● **Exercise requirements**
Return the material below exactly, but only from the line with "interior sight from" through the line with "Cashmere Jordan Sweater", and without its pictures.

● **Exercise materials**
───

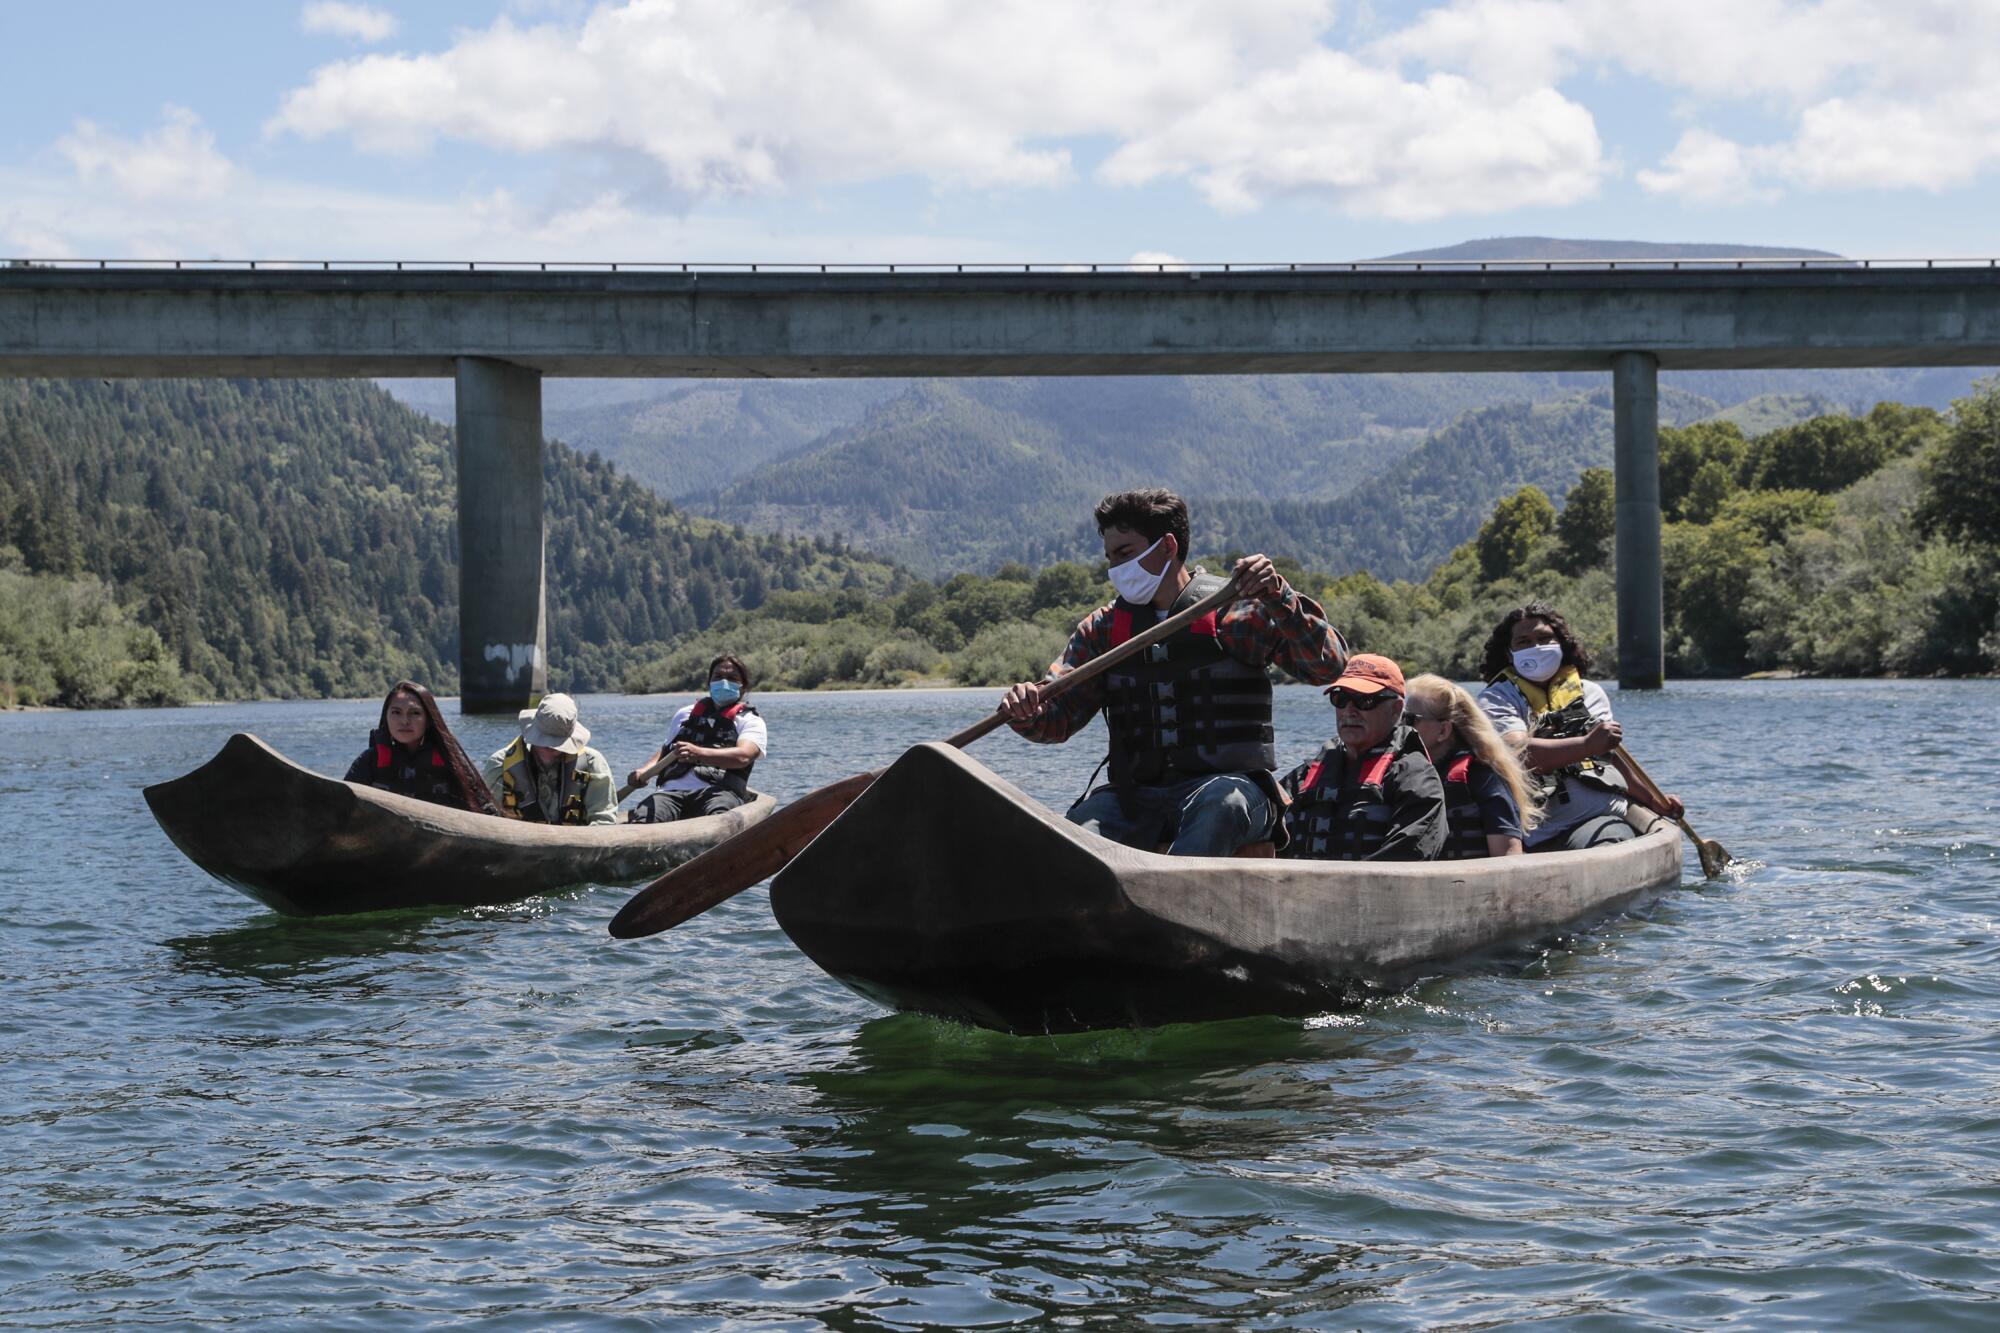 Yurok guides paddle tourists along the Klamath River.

───

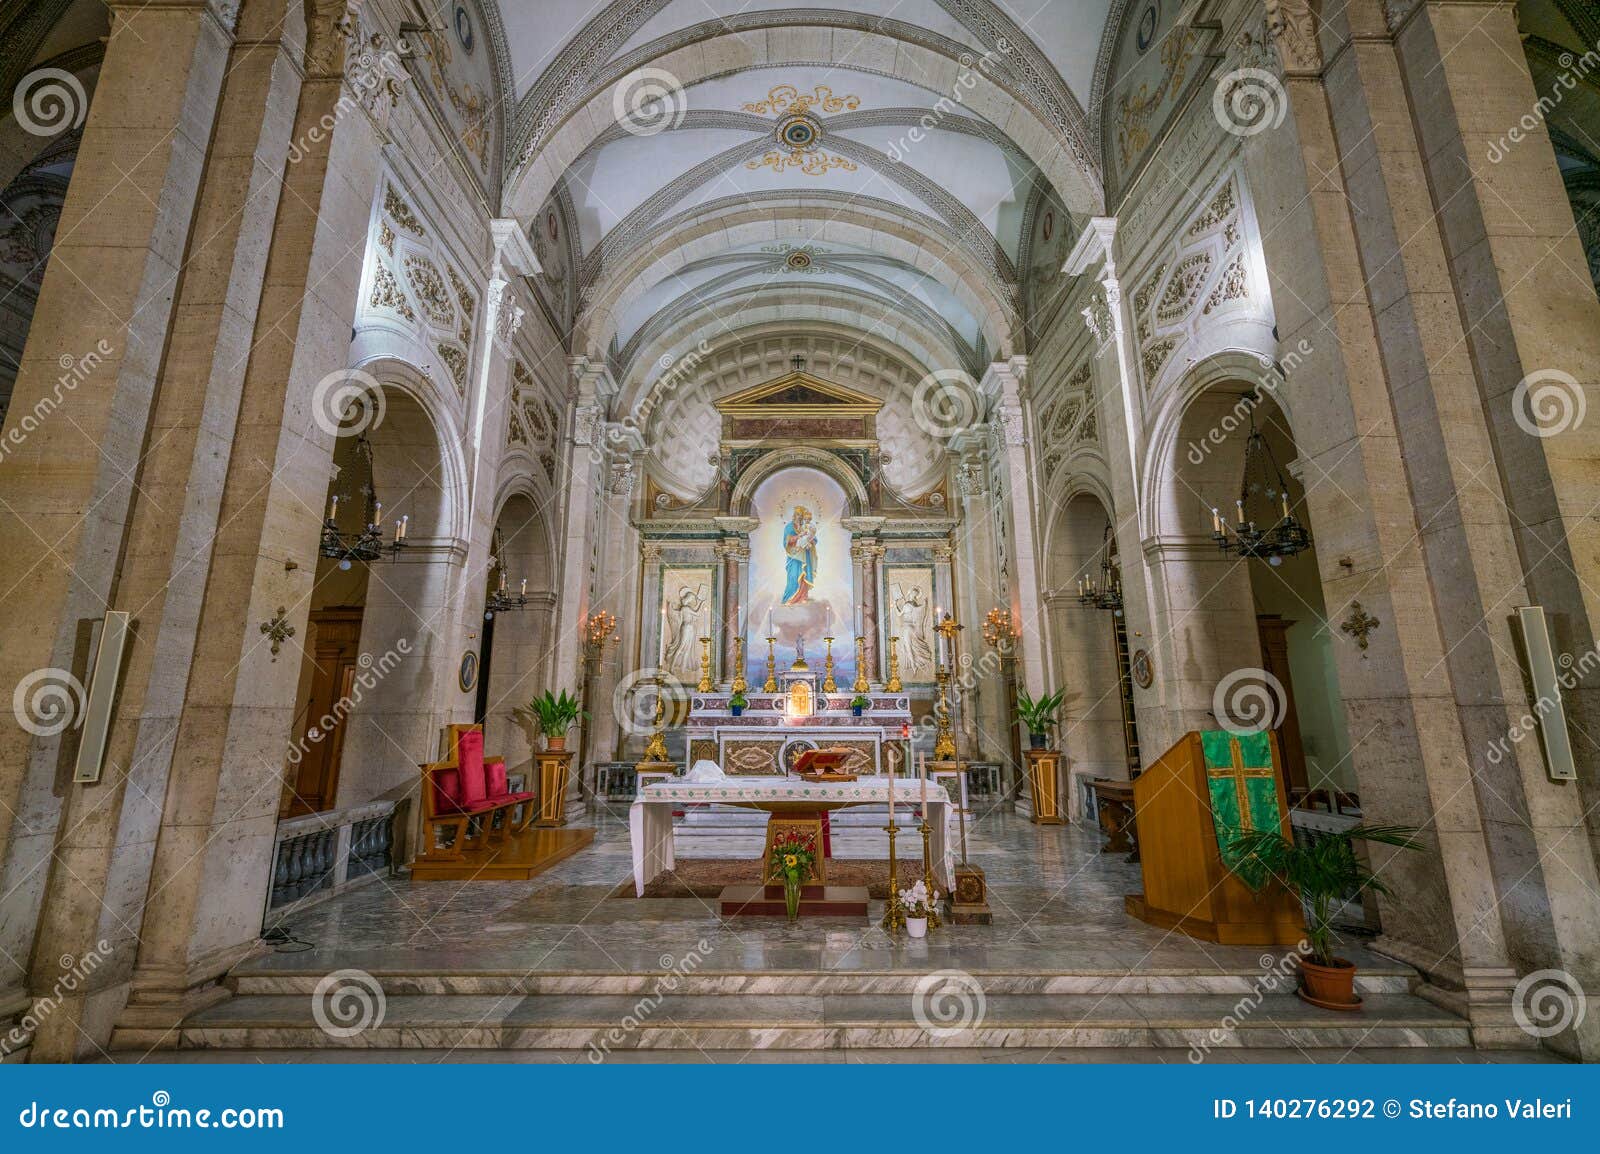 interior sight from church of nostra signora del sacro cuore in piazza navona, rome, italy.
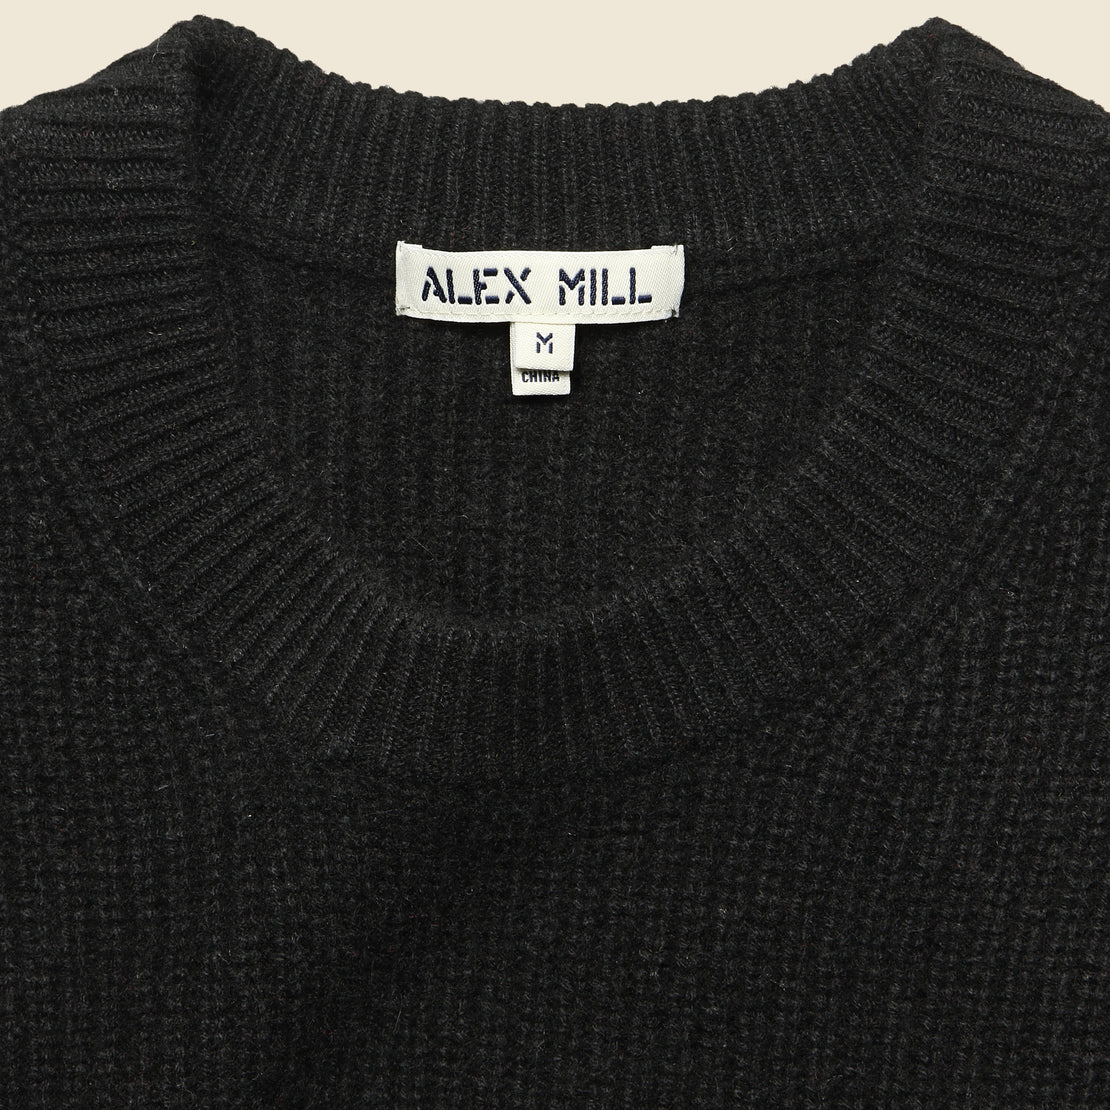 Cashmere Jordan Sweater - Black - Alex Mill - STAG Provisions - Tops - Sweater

───

● **Completed exercise**
 interior sight from church of nostra signora del sacro cuore in piazza navona, rome, italy.
 Cashmere Jordan Sweater - Black - Alex Mill - STAG Provisions - Tops - Sweater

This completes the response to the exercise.